Дни слились в один нескончаемый, упоительный акт творения. Мир за пределами моей каморки существовал, но его звуки – грохот стройки, крики артельщиков – доносились словно из-за толщи воды. Я был погружен в мир микронных зазоров, капиллярных каналов и рычажных передач. На бумаге, в хитросплетении линий и расчетов, рождался сложнейший микромеханизм моей самопишущей ручки. Поршень требовал двойного уплотнителя из пропитанной воском кожи. Система подачи чернил, чтобы они не вытекали каплей и не пересыхали, превратилась в лабиринт тончайших каналов, которые предстояло прорезать в хрупком малахите. Я чувствовал себя богом, творящим новую вселенную на кончике пера. Каждый решенный узел, каждая найденная остроумная деталь приносили чистое, ни с чем не сравнимое наслаждение.

Я как раз заканчивал чертеж клапана обратного хода, когда в дверь постучали – сдержанно, но настойчиво.

– Войдите, – бросил я, не отрываясь от листа.

Вошла Варвара Павловна.
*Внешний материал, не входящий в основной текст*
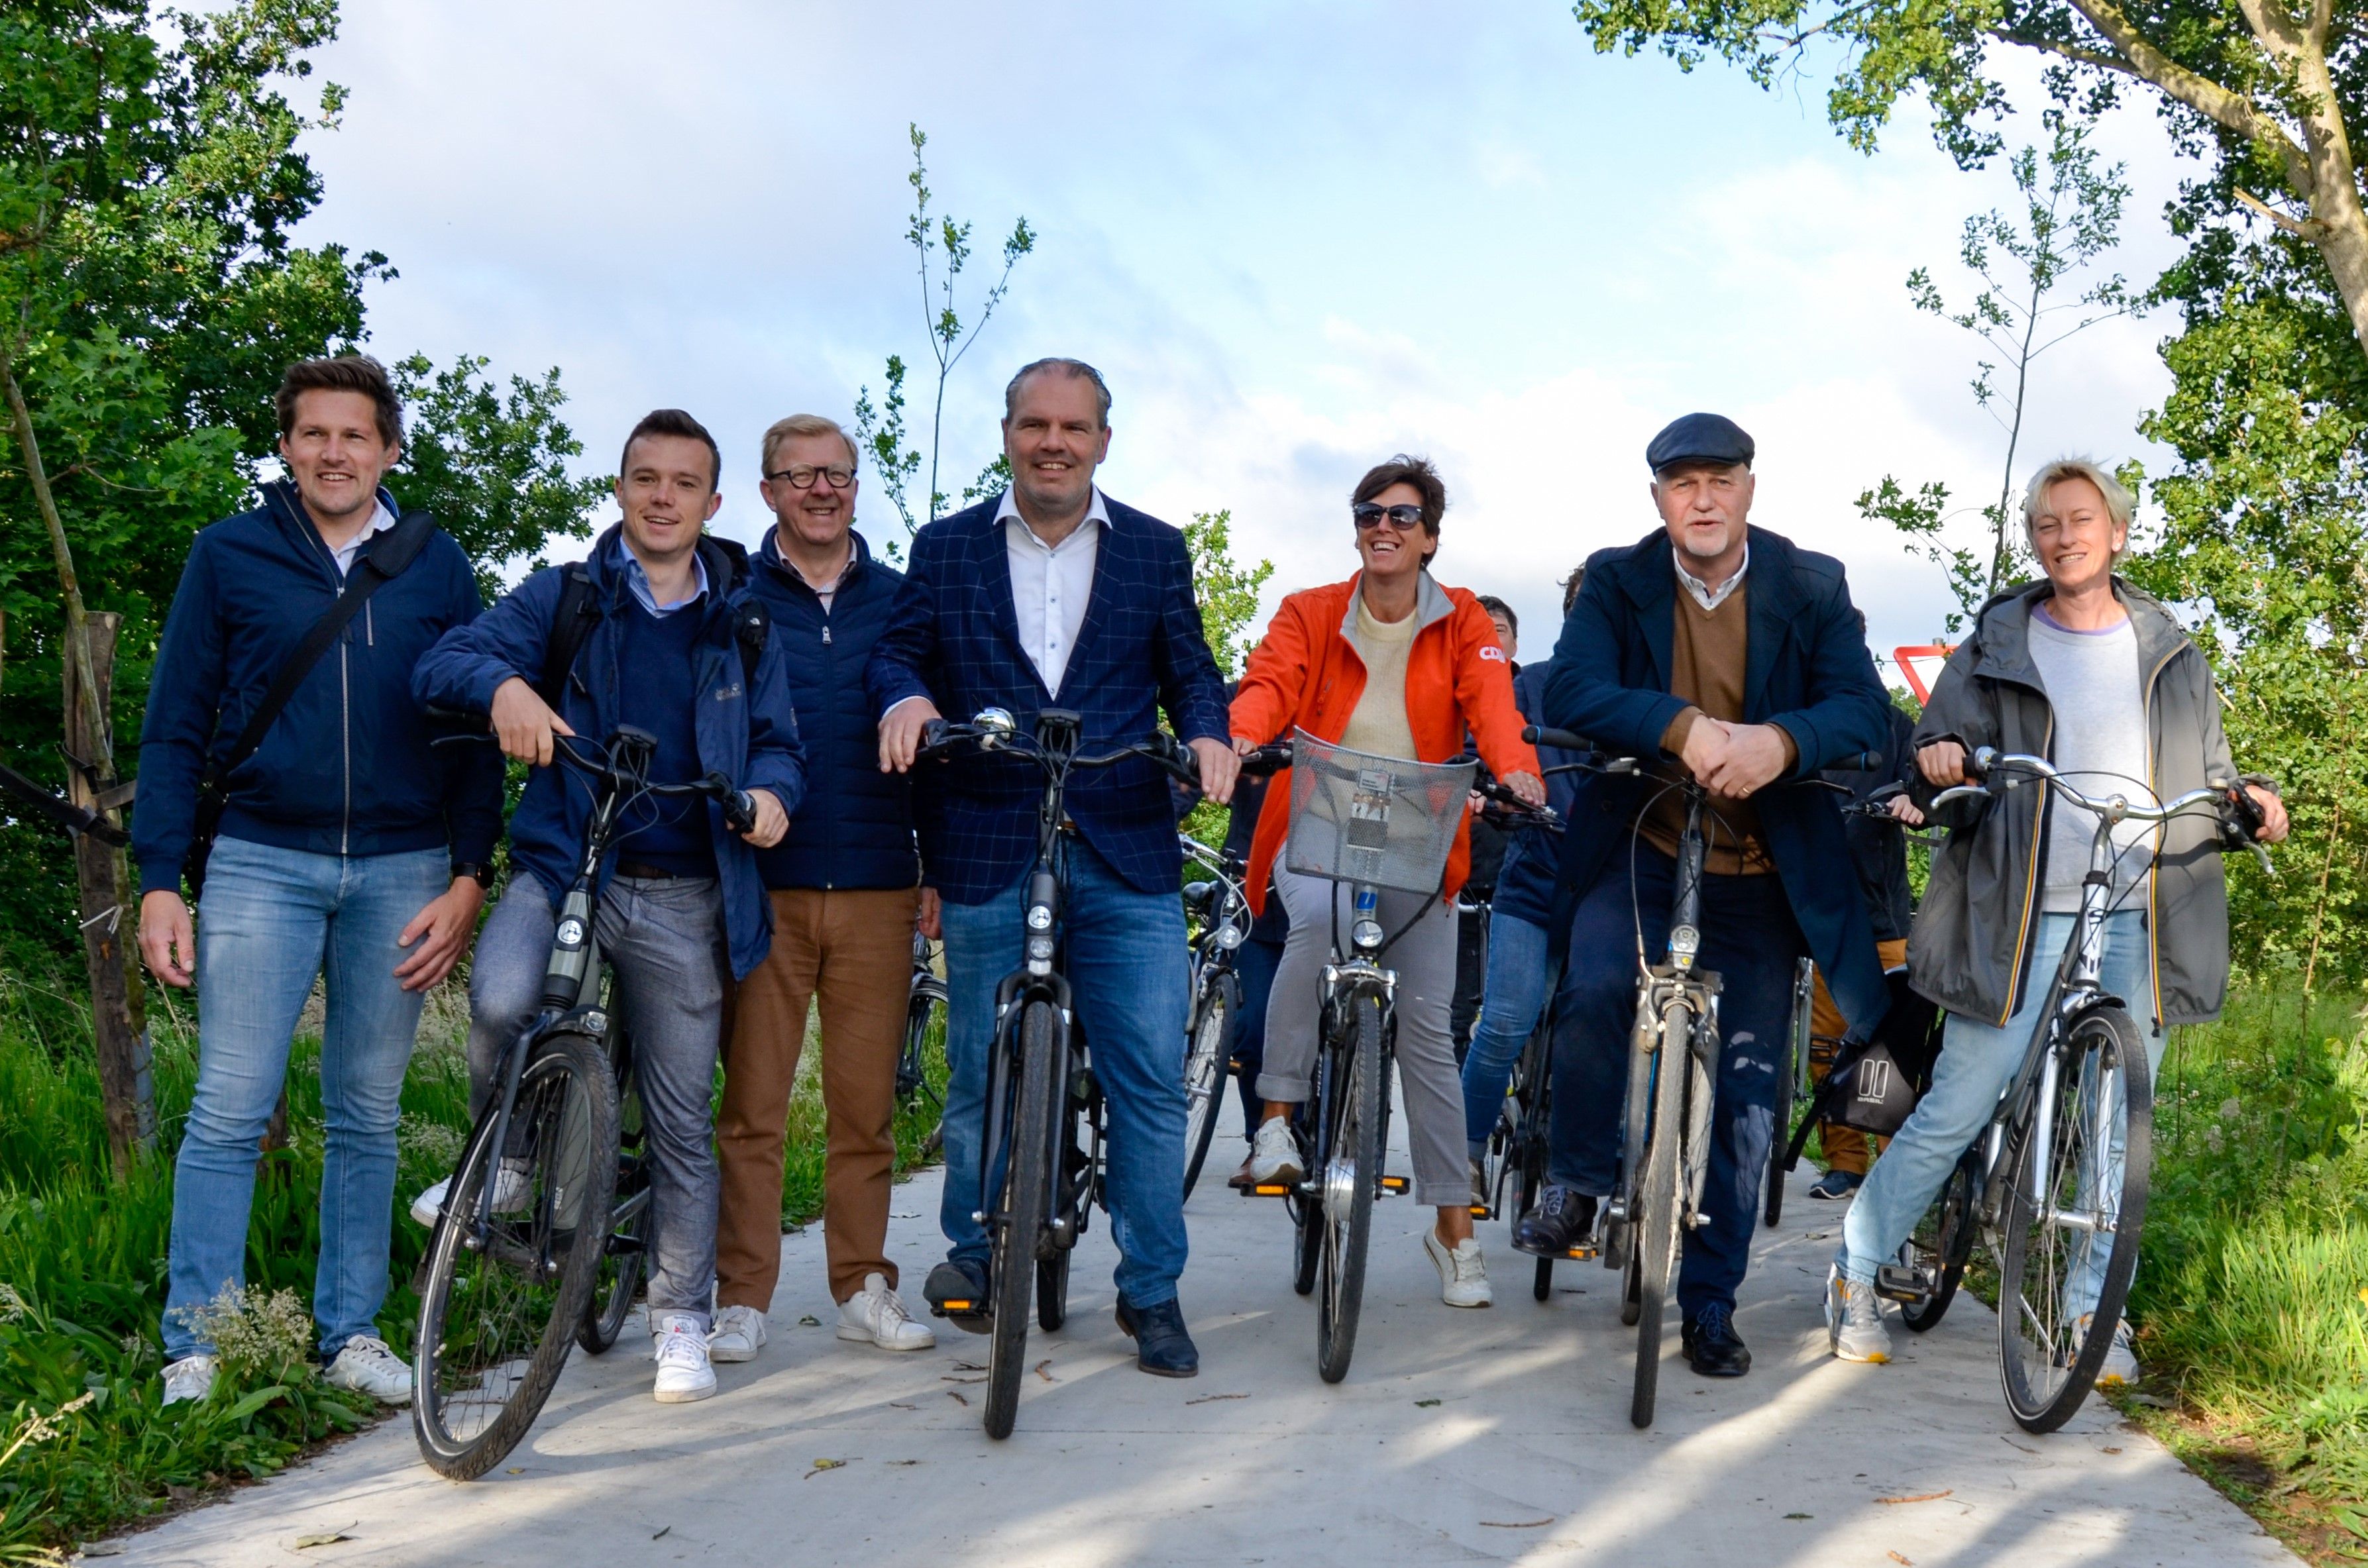 Het gemeentebestuur van Evergem is ruim aanwezig om die fietsverbinding in te rijden samen met de projectpartners

Обычно она появлялась с охапкой счетов или с очередным докладом о происках подрядчика, но сейчас в ее руках не было ничего, кроме нескольких аккуратно сложенных листов бумаги. Ее лицо было, как всегда, непроницаемо, но в серых глазах я уловил тень… беспокойства?

– Григорий Пантелеевич, я получила сведения о Кулибине, – произнесла она, ее тихий голос заставил меня поднять голову. – Мой человек нашел его ученика. И тот… в знак расположения… переписал для нас отрывки из писем и дневников Ивана Петровича за последний год.

Она положила листы передо мной. Это была сырая, непричесанная правда, вырванная из самого сердца жизни старого гения. Я отложил перо. Внутри неприятно похолодело.

– Читайте, Варвара Павловна. Вслух, пожалуйста.

Она развернула первый лист. Ее ровный, почти бесцветный голос начал заполнять тишину каморки.

– «Старик совсем плох, обижен на всех. Никого к себе не пускает, кроме мальчишек-подмастерьев. Все дни проводит в своем сарае, одержим своей „самокаткой“. Пишет, – она перешла на цитату, – что „пружинная сила неверна, ибо отдает мощь свою неравномерно, как норовливая лошадь, что вначале рвет с места, а к концу пути едва ноги волочит“».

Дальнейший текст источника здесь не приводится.